The output of the pipeline is an array of objects, where each object contains the following information for each detected object:

  • label (string): The predicted label of the detected object.
  • score (float): The confidence score of the prediction, ranging from 0 to 1, with 1 being the highest confidence.
  • box (array): An associative array containing the bounding box coordinates of the detected object.
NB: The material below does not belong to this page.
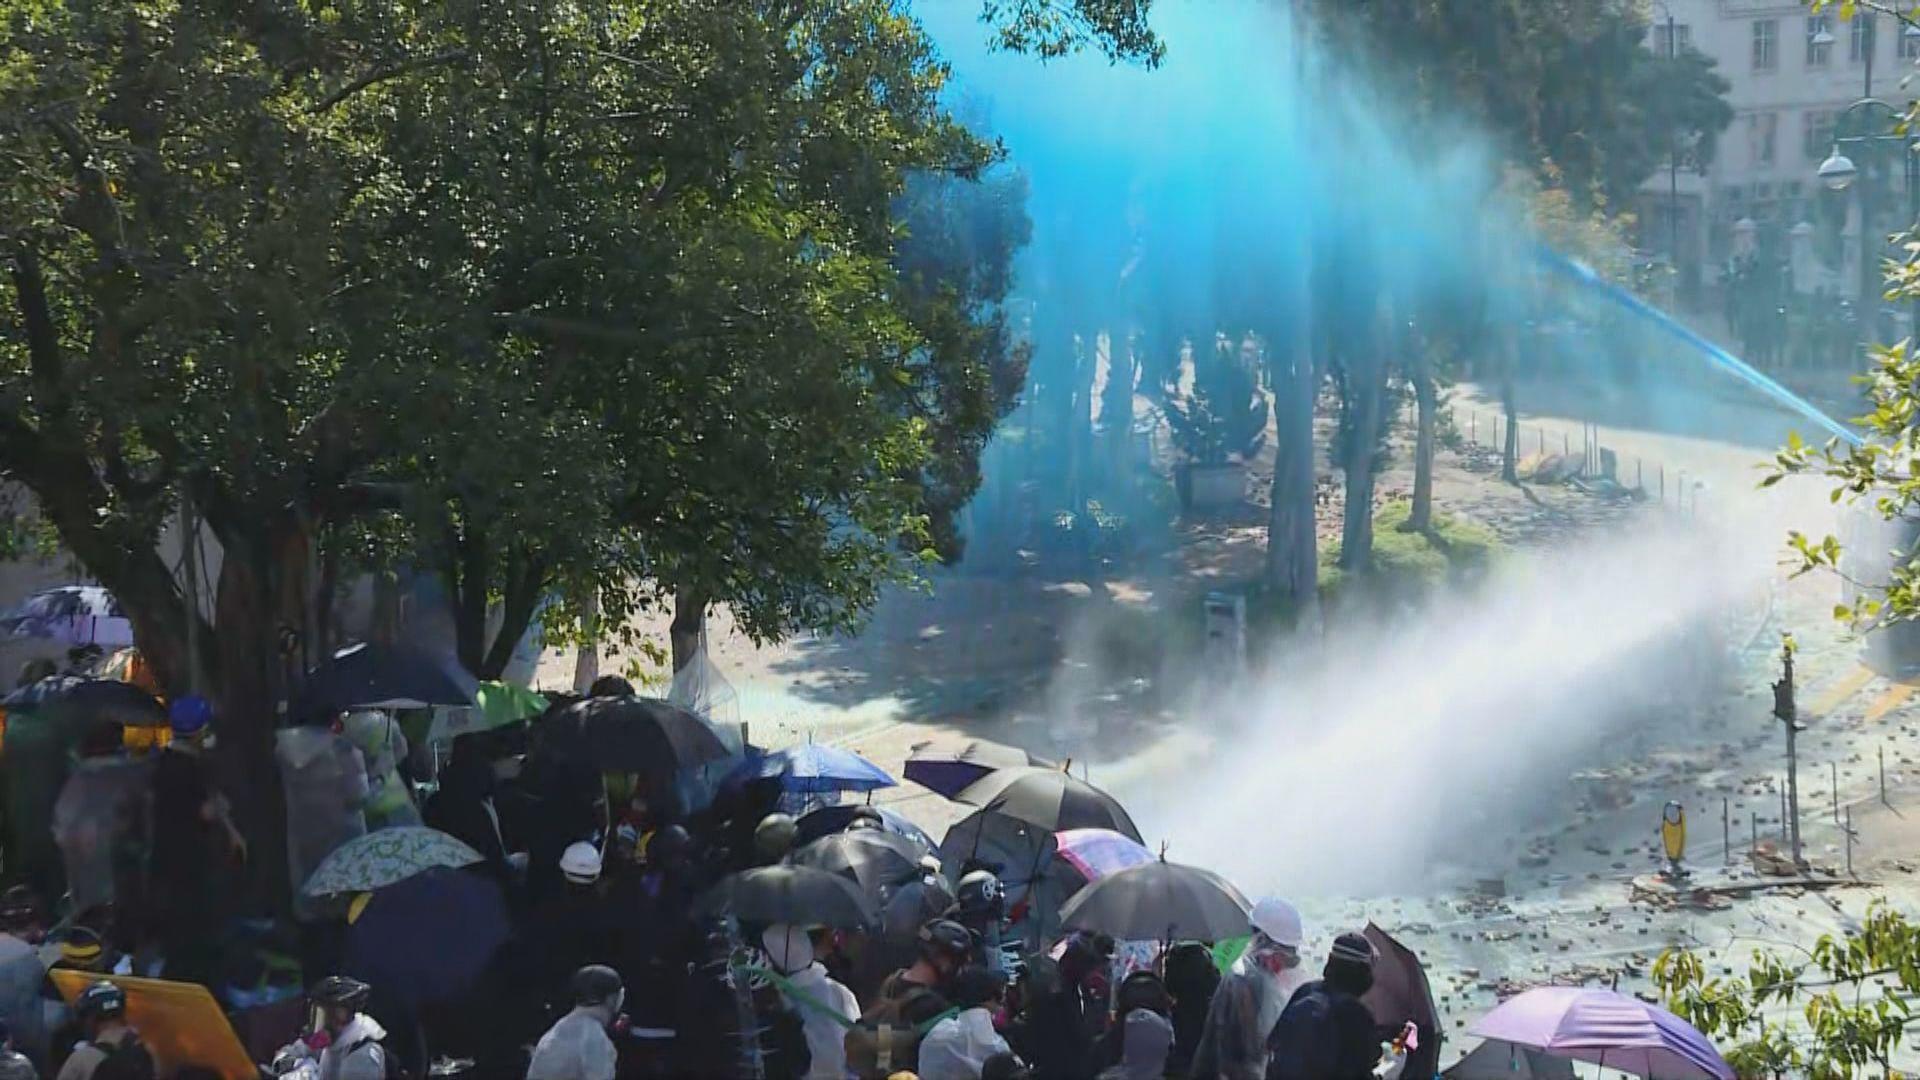 警方出動水炮車射藍色水驅散理大一帶示威者
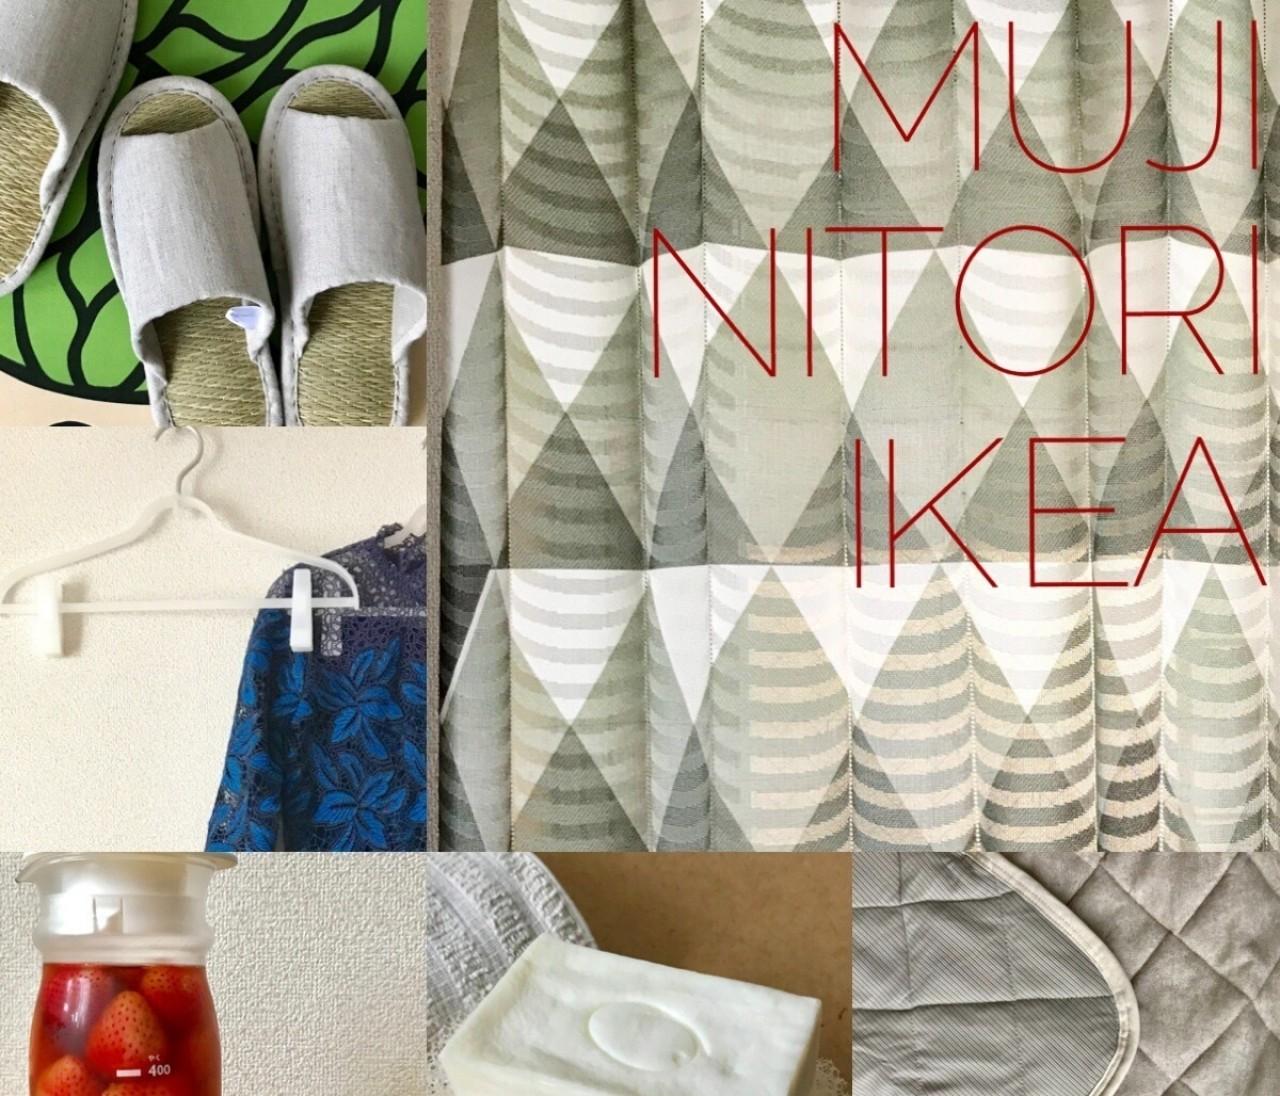 他人におすすめしまくり!【無印良品・ニトリ・IKEA】リピ買い雑貨12選

The coordinates are represented as values in the format ["xmin" => x1, "ymin" => y1, "xmax" => x2, "ymax" => y2]. Depending on the percentage option, the values can be either absolute pixel values or percentages of the image dimensions.

Here's an example of the output format:

For percentage: false:

php
[
  [
    "score" => 0.99796805983403,
    "label" => "car",
    "box" => [ "xmin" => 29, "ymin" => 65, "xmax" => 188, "ymax" => 122 ]
  ],
  // Additional detected objects with their scores, labels, and bounding boxes
]

For percentage: true:

php
[
  [
    "score" => 0.99796805983403,
    "label" => "car",
    "box" => [ "xmin" => 0.05, "ymin" => 0.15, "xmax" => 0.25, "ymax" => 0.30 ]
  ],
  // Additional detected objects with their scores, labels, and bounding boxes
]

Additional Notes

  • Zero-shot object detection models may not perform as well as models trained on specific object classes. The accuracy of the detections may vary based on the candidate labels provided and the model's training data.
  • It's essential to choose candidate labels that are relevant to the objects you expect to detect in the image. Including too many irrelevant labels may reduce the accuracy of the detections.
  • Checkout the Object Detection documentation page to learn how to visualize the detected objects in an image.